Entries shown:
- - -
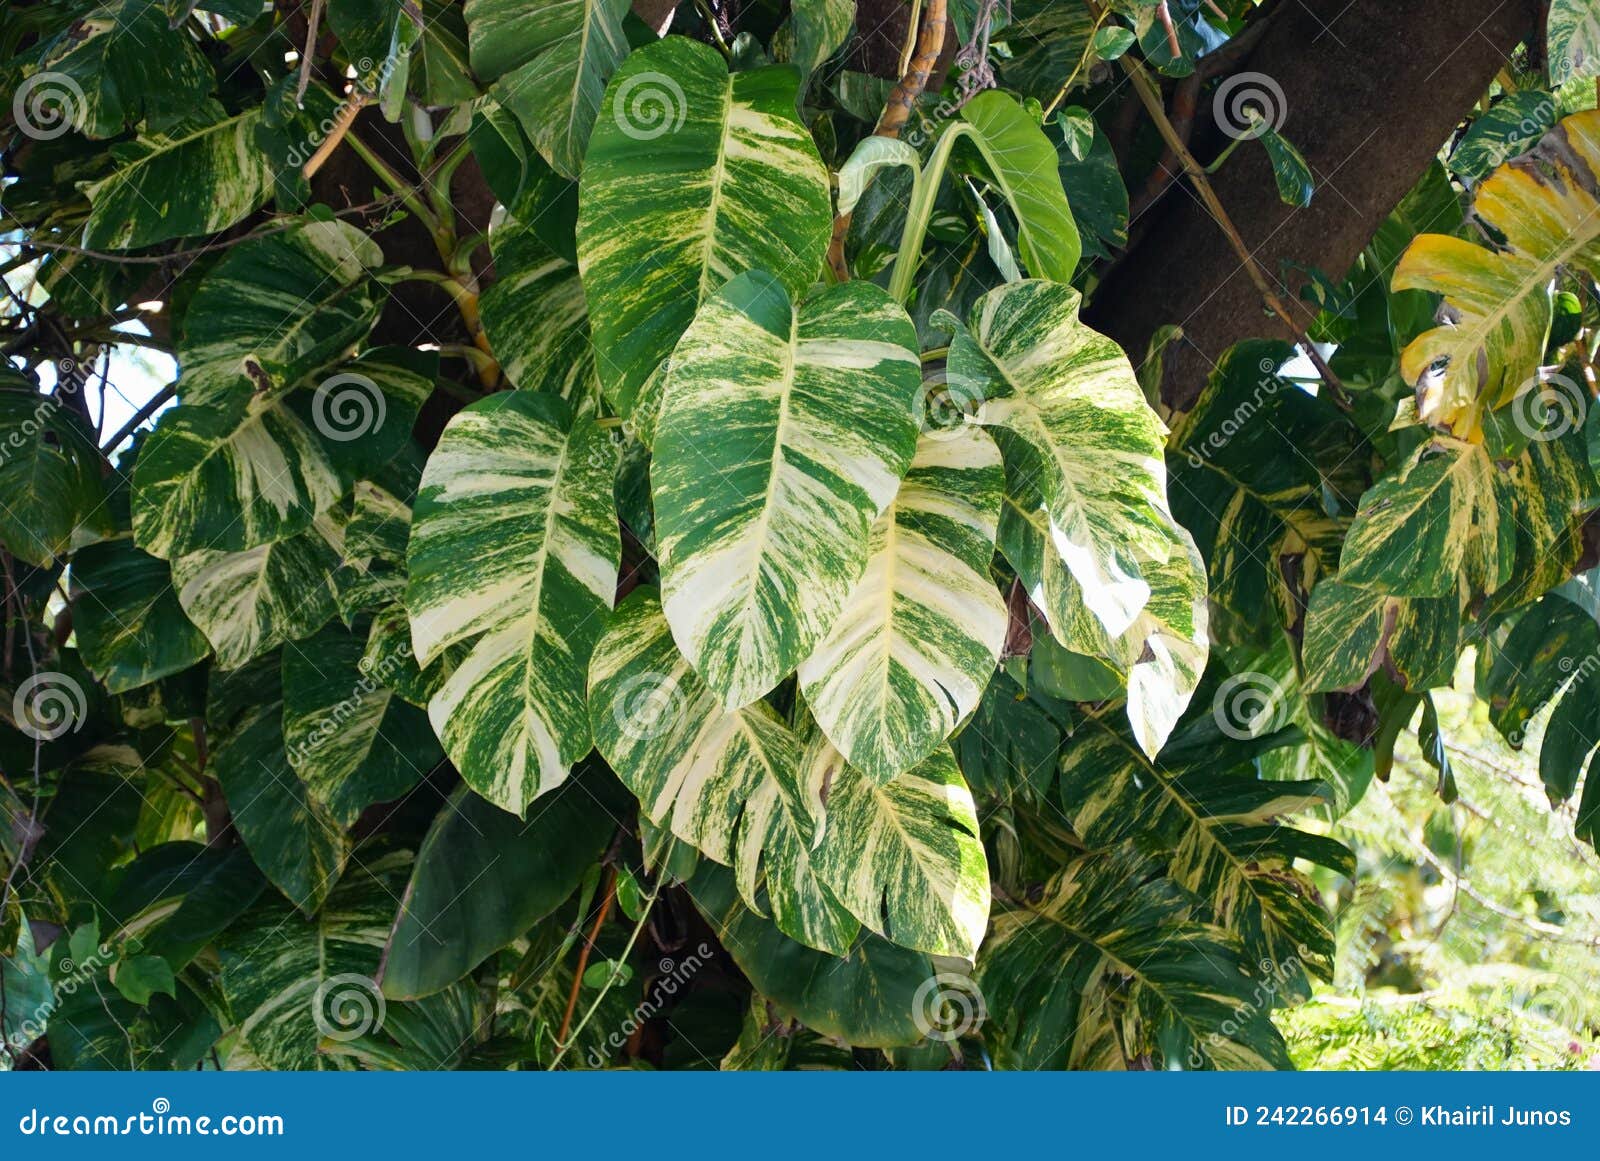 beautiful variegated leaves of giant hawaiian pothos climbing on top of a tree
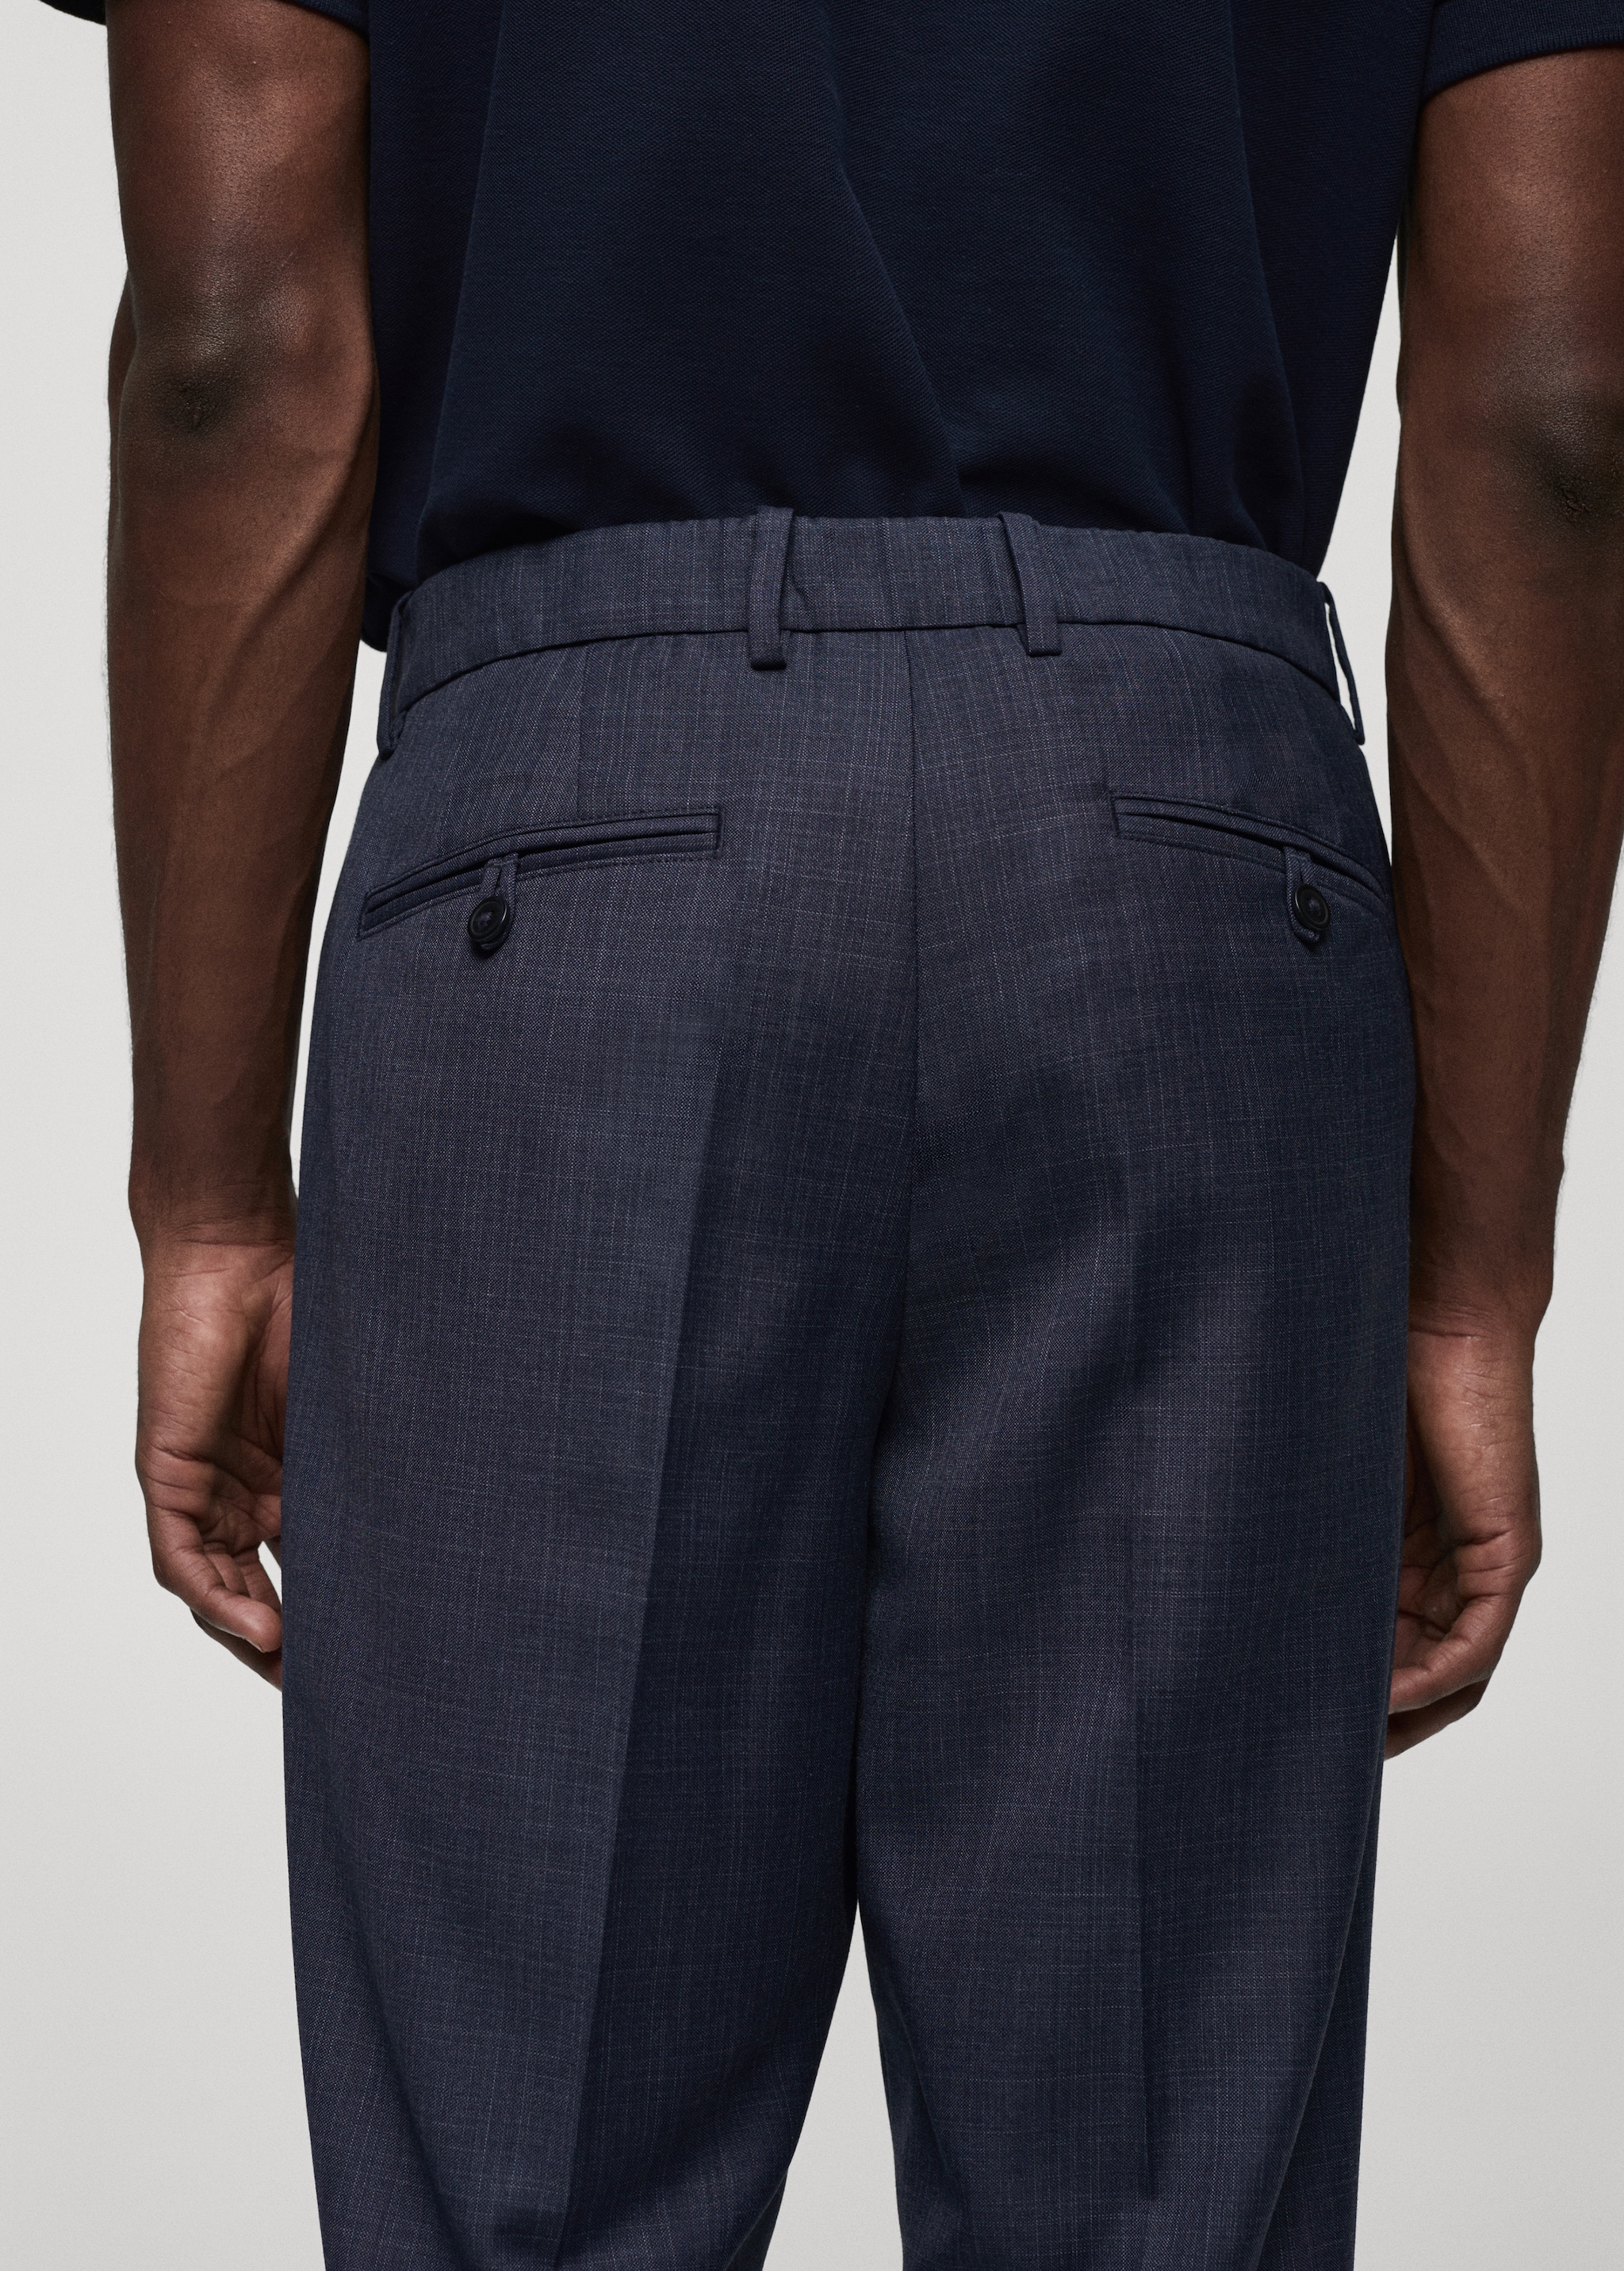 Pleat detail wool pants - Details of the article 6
- - -
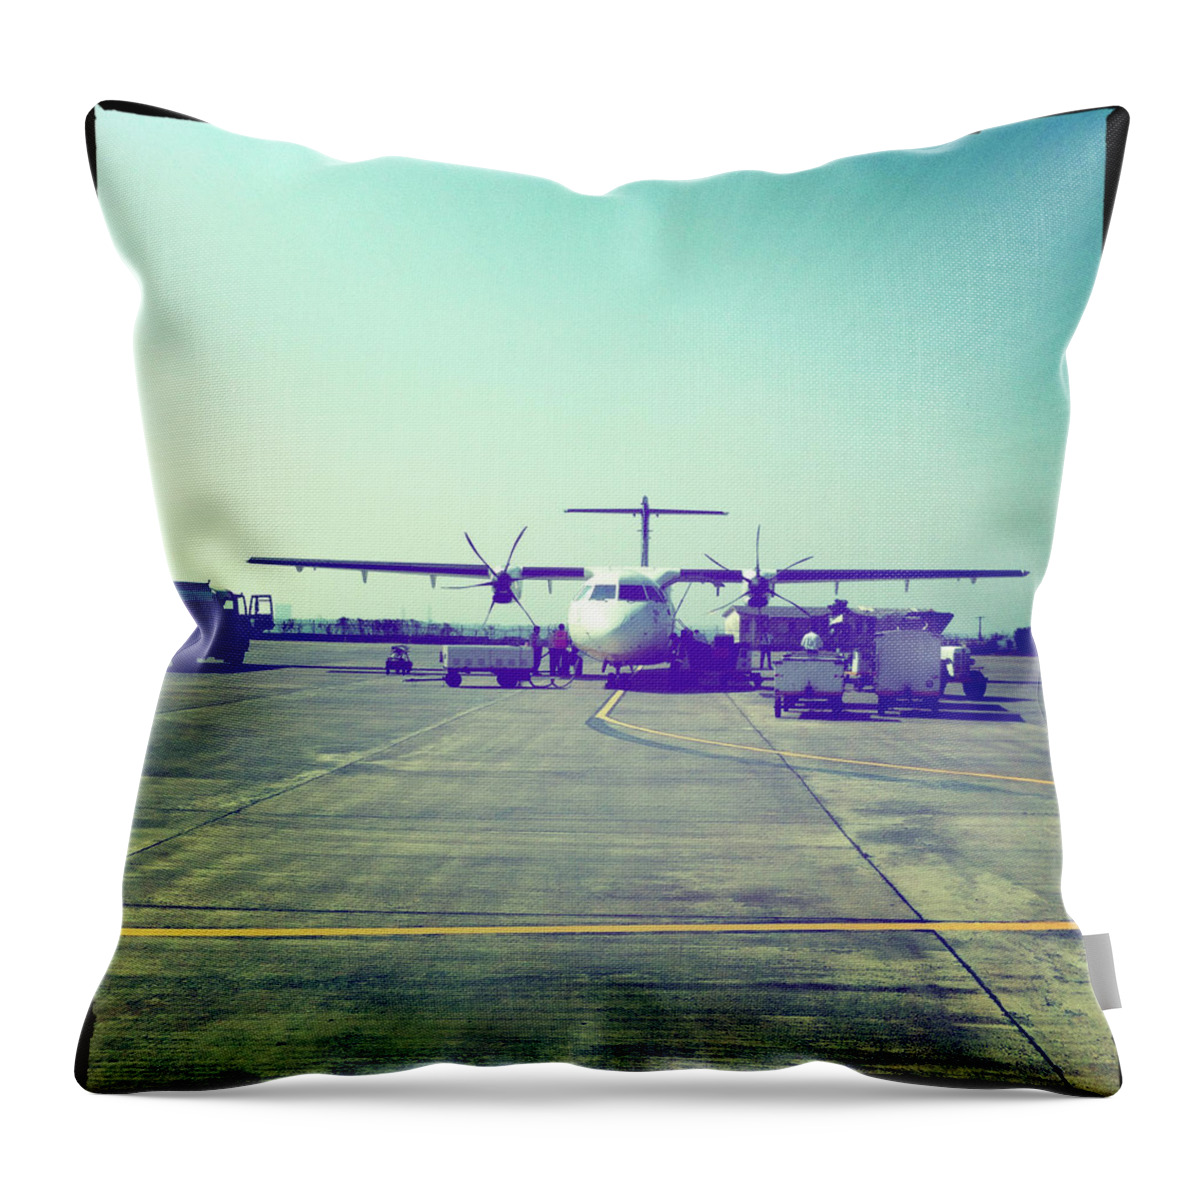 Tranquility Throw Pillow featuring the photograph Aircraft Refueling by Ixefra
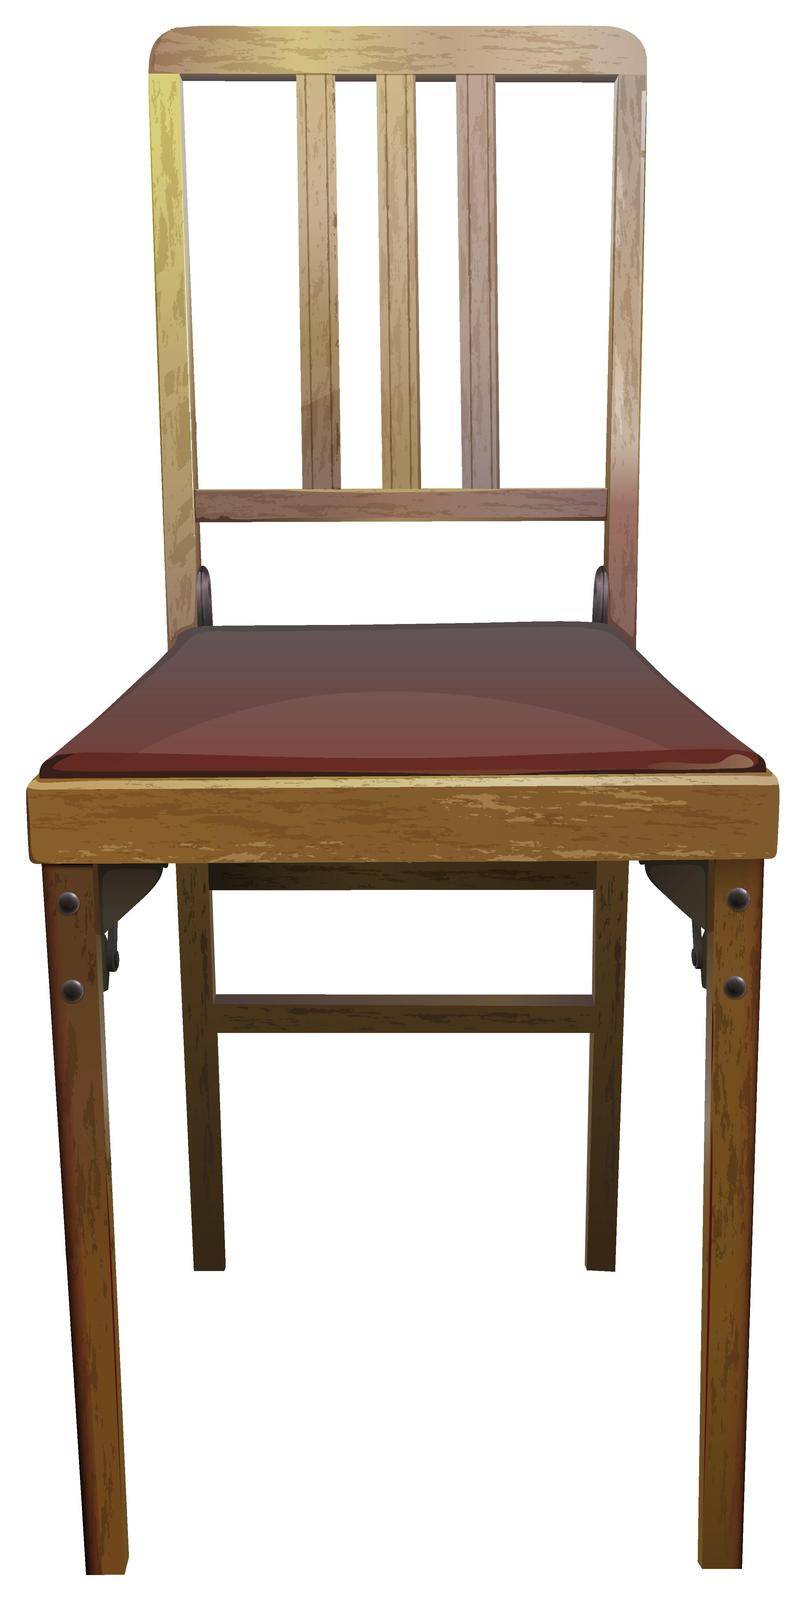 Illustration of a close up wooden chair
- - -
Among the lines above, the one with "beautiful variegated leaves" opens the part to repeat and the one with "Pleat detail wool" closes it; repeat only that part exactly, with no pictures.

 beautiful variegated leaves of giant hawaiian pothos climbing on top of a tree
 Pleat detail wool pants - Details of the article 6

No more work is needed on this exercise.